Although the two do not discuss the
possible analogy between the rise of Stalin and the rise of Putin, it appears
on the basis of their discussion that the current Kremlin leader was more than
a little informed by the actions of his Soviet predecessor in terms of building
his own power vertical while gaining the support of a population upset by
earlier turbulence.
Ninety years ago in 1929, even more
than 102 years in 1917, Gorbachev argues, the Soviet system was established as
bureaucratic socialism that was modified but remained in place until its end in
1991. It was “the year of ‘the great change,’” with Stalin having vanquished
his opponents, launched the first five-year plan, and accelerated
collectivization.
From the mid-1920s, Mazur continues,
“Soviet ‘administered democracy’ was put in place: the organs of power began to
be formed by the VKP(b) and controlled by it, not via official structures like
a parliament but by the use of another mechanism, the party nomenklatura
installed at all levels of administration.”
“In the 1930s,” she says, “’administered
democracy’ acquired a perfected character: the people unanimously voted for ‘the
inviolable bloc of communists and non-party people.’ Candidates formally were
advanced by meetings of voters but in fact were agreed to and confirmed in party
offices.”
“Formally, there was a democratic
system of secret elections; in reality, there was a dictatorship of the party bureaucracy,”
Mazur says, arguing that what occurred can be described as “’a bureaucratic revolution.’”
As far as economic change is
concerned, she continues, “however semi-feudal was the economy of imperial
Russia, it was already a market economy. The Bolsheviks when they came to power
without delay liquidated private property … and the means of production became government
owned.
In Stalin’s Russia, like all
authoritarian regimes, Gorbachev says, the new order came into existence “on a
wave of psychological exhaustion of the mass of the population,” which from
1914 on had suffered much turbulence, violence and uncertainty. People wanted something
they could count on even if it involved repression.

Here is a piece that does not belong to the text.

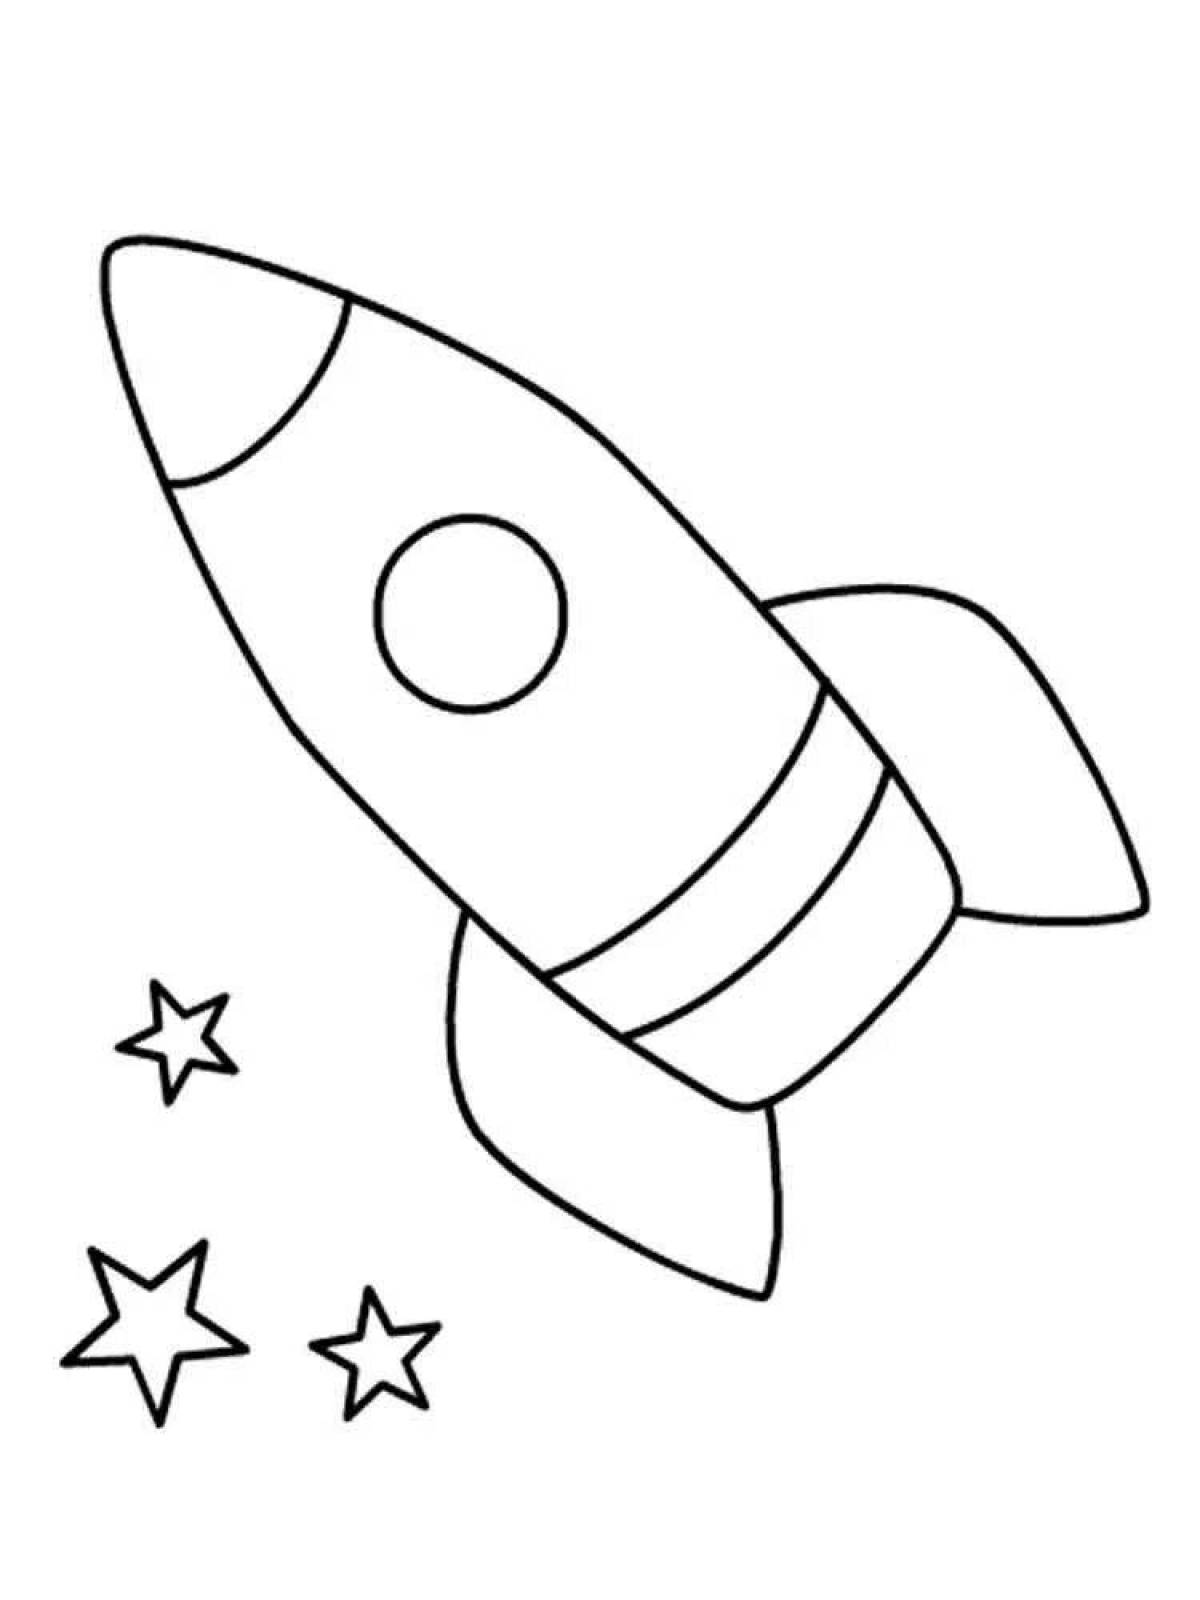 Зымыран раскраска. Ракета раскраска. Ракета раскраска для детей. Космос раскраска для детей. Раскраска ракета в космосе.

With regard to foreign affairs,
Mazur says, undoubtedly it was the case that the possible threat of a big war
played a role in what happened in 1929. “But the country didn’t limit itself to
defense. Willingly or not, it began to conduct itself as an aggressor: recall
the Soviet-Finnish war, the annexation of the Baltic states, and Western Ukraine
and Belaruss.”
But it is the final observation by
Mazur that may be the best reason for thinking 1929 has played a fundamental
role in Putin’s calculations. Should anyone really speak “about the end of the Soviet
project? Perhaps it would be better to
say that it still is continuing in a somewhat modified form?”
“There are no soviets, but there is
a decorative State Duma and municipal organs which have been deprived of
leverage on the authorities. We see as well that a return to the Soviet matric
in economics, politics, and psychology is taking place,” and not just the
Soviet past as a whole but to the year of the great change that shaped most of
Soviet history, 1929.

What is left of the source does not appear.